マイナス金利解除も買い安心感 「総合不動産」関連株が上昇

直近の値動きから見るテーマ株/ QUICK

株式市場で「総合不動産」関連株が買われています。QUICKが選定する関連銘柄の平均上昇率は14.1%と、東証株価指数(TOPIX、5.7%高)を上回りました(3月22日までの5営業日の騰落)。株価が上昇した5銘柄とその背景について解説します! 

日銀利上げも、「緩和的な金融環境」維持の見込みで安心感

日銀は3月19日まで開いた金融政策決定会合でマイナス金利政策の解除を決定し、17年ぶりに政策金利を引き上げました。日本の金融政策は正常化への道を歩み始めたものの、当面は緩和的な金融環境が続く見込みが大きく、長期金利は安定しています。一般的に有利子負債の比率が高いとされる不動産業にとっては、支払金利の負担増加に対する過度な警戒感が後退し、買い安心感が広がったようです。
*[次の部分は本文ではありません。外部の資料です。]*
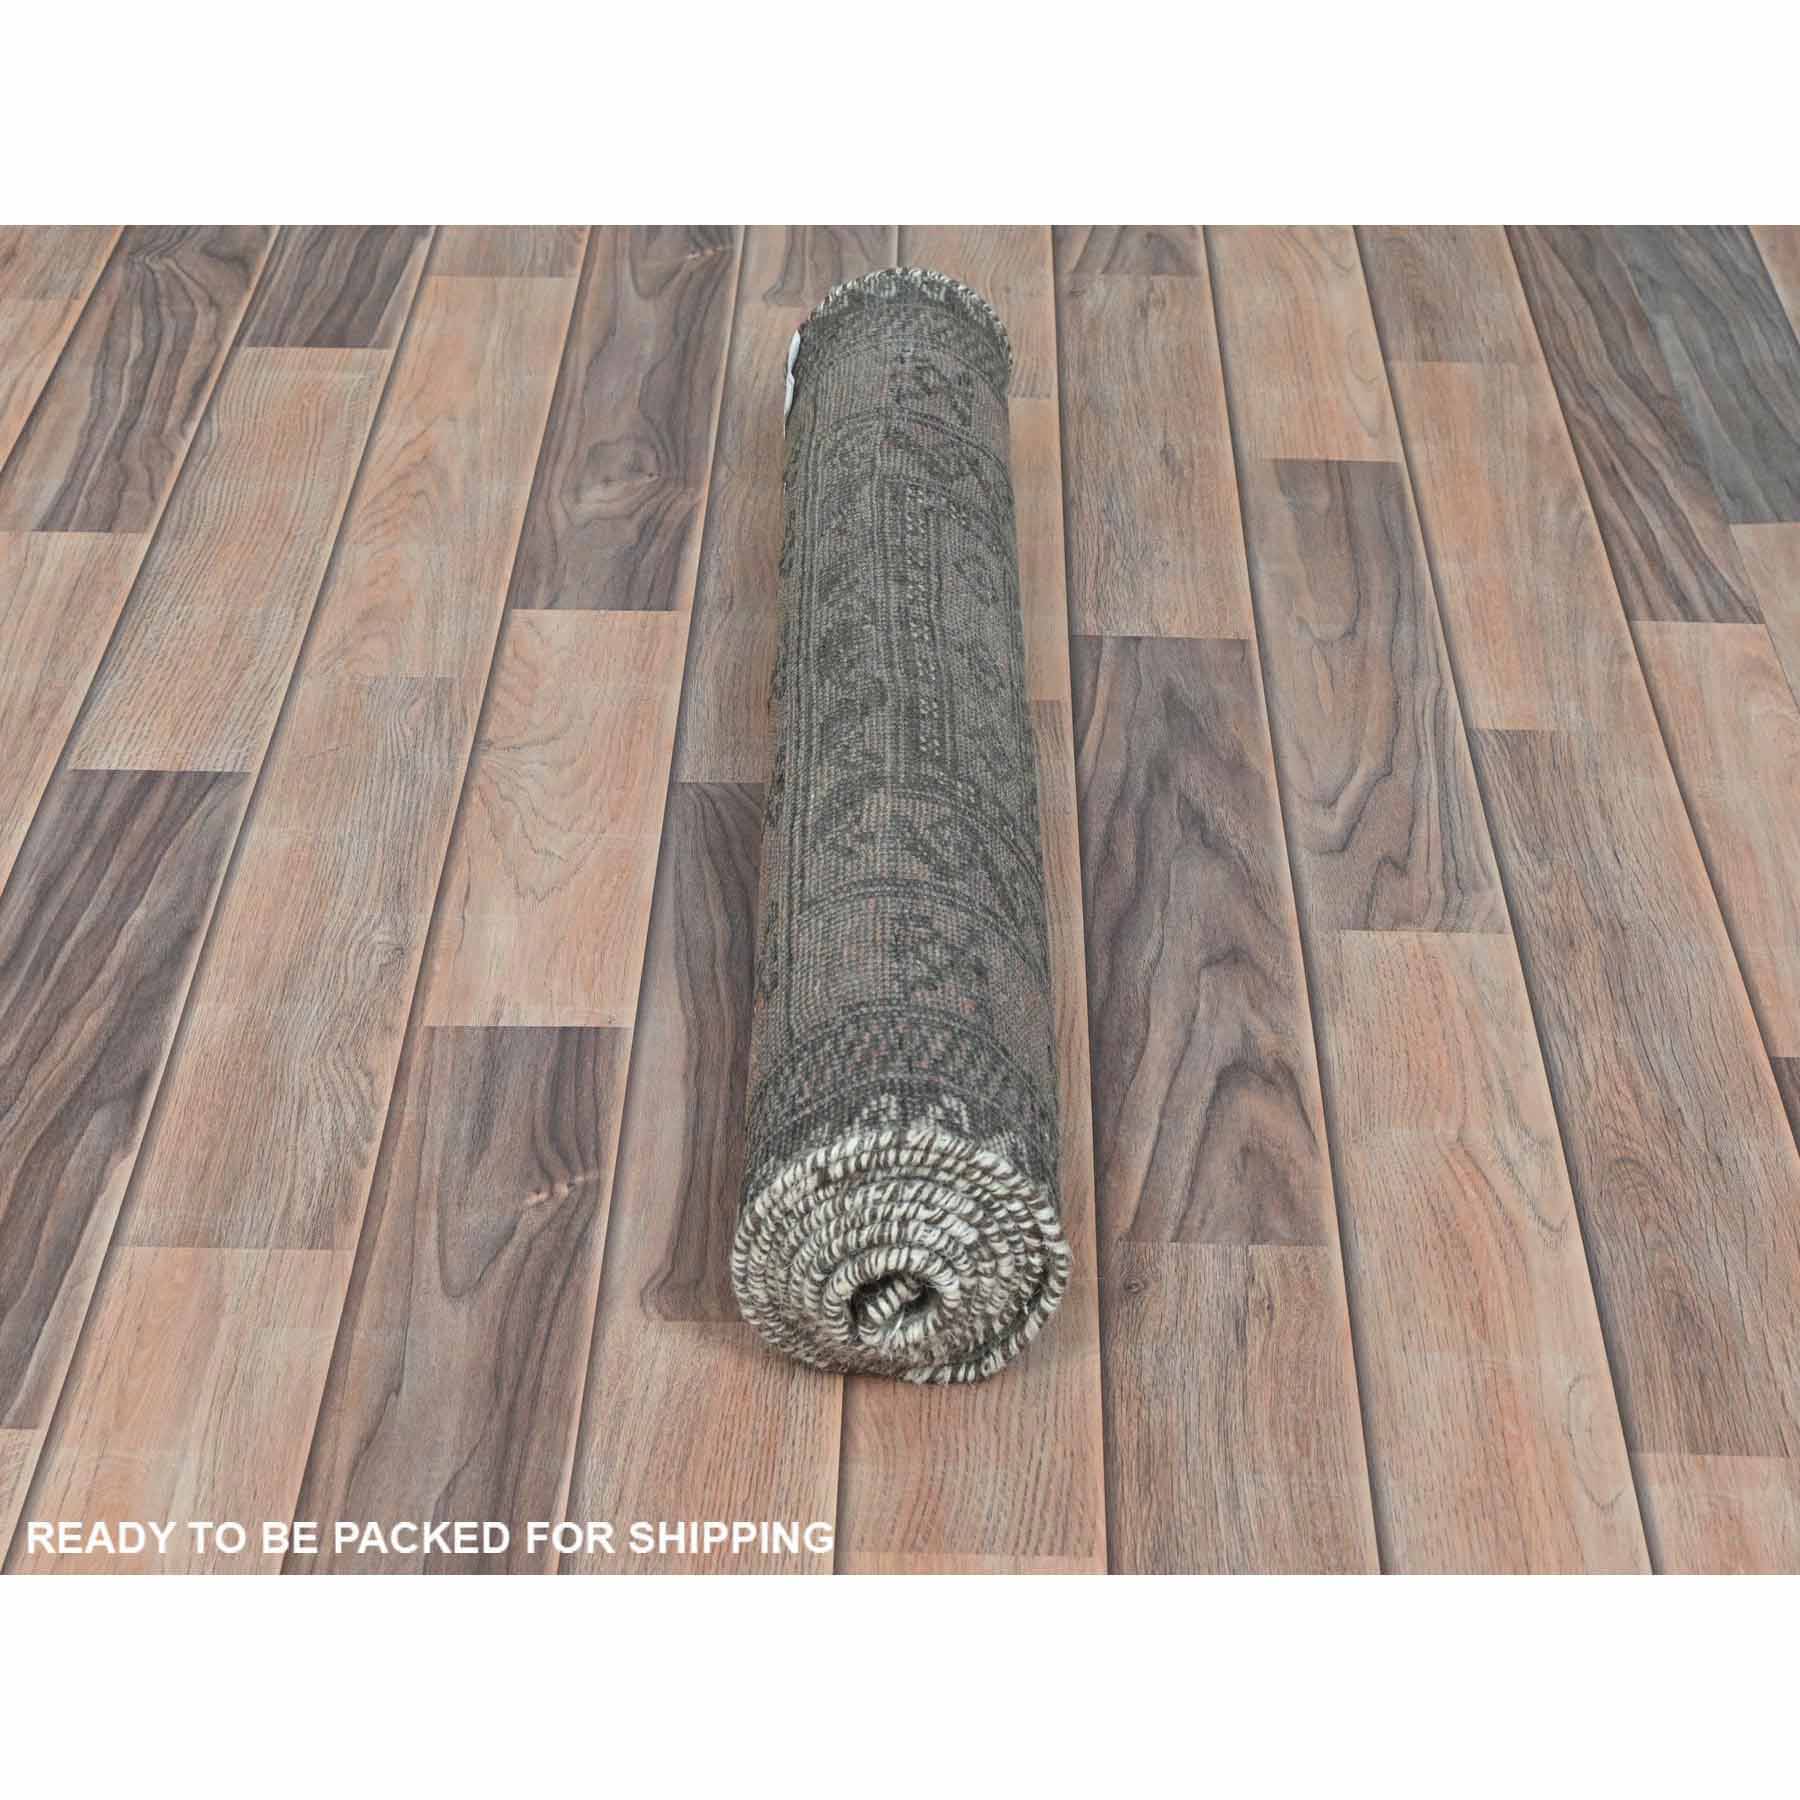 Overdyed-Vintage-Hand-Knotted-Rug-409570

3期連続最高益見込み、インド事業にも期待【住友不動産】

上昇率首位の「 住友不動産 」は、首都圏を中心にオフィスビル賃貸やマンション販売を手掛けます。2024年3月期の経常利益は前期比6%増の2500億円と3期連続で過去最高を更新、10期連続での増配を見込んでいます。
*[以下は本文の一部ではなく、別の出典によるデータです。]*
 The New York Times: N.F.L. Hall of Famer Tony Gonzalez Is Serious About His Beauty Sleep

近年は経済成長が著しいインドの再開発事業に積極的で、総投資額は23年10月時点で約7000億円にのぼります。ムンバイ中心部のワーリー地区に約8万平方メートルの土地(総延床100万m2を超える”超高層複合都市開発プロジェクト”)を取得しており、30年代までに施設の全面開業を目指しています。

「ポイント進呈」の株主優待制度新設を好感【三井不動産】

上昇率2位の「 三井不動産 」は、3月1日に株主優待制度の新設を発表しました。25年より、3月末を基準日として100株以上保有する株主を対象に商業施設や公式通販サイトで使える「三井ショッピングパークポイント」を付与します。長期保有者には追加ポイントを付与する方針です。株主還元の強化などを好感した買いも入り、22日にかけて連日で上場来高値を更新しました。

 オフィス回帰の動きが追い風に、海外事業の拡大

このほか「 東急不動産HD 」は23年12月に開業したオフィスや住宅を含む複合施設「Shibuya Sakura Stage」をはじめ、渋谷区周辺の再開発事業が好調です。

オフィス仲介の三鬼商事によると東京ビジネス地区のオフィス空室率は2カ月連続で平均5%台と約2年半ぶりの低水準が続き、東京駅周辺などにオフィスビルを保有する「 東京建物にも買いが優勢となっています。

野村不動産HD 」は31年3月期までの中期経営計画で海外事業の着実な成長を掲げ、3月18日には英国・ロンドン中心部のオフィスビルを取得したと発表しました。これらの銘柄も買われています。

 「インフレヘッジ」として高まる不動産需

日銀が大規模金融緩和策を修正した背景の1つには、日本経済のデフレ脱却期待があります。22日に総務省が発表した2月の全国消費者物価指数(CPI)は変動の大きい生鮮食品を除く総合指数が前年同月比2.8%上昇し、23カ月連続で日銀の物価目標である2%以上で推移しています。インフレ時に価格が上昇し、「インフレヘッジ」としての効果が見込める不動産の需要は今後も高そうです。

不動産関連では、昨年も空室率の上昇一服に加えインフレ定着期待を背景にオフィスビル関連株が上昇しました(『空室率に改善の兆し 「オフィスビル」関連株が上昇)。「総合不動産」関連株の投資にあたっては、政府の「デフレ脱却宣言」など国内経済の先行きに対する見方が焦点となりそうです。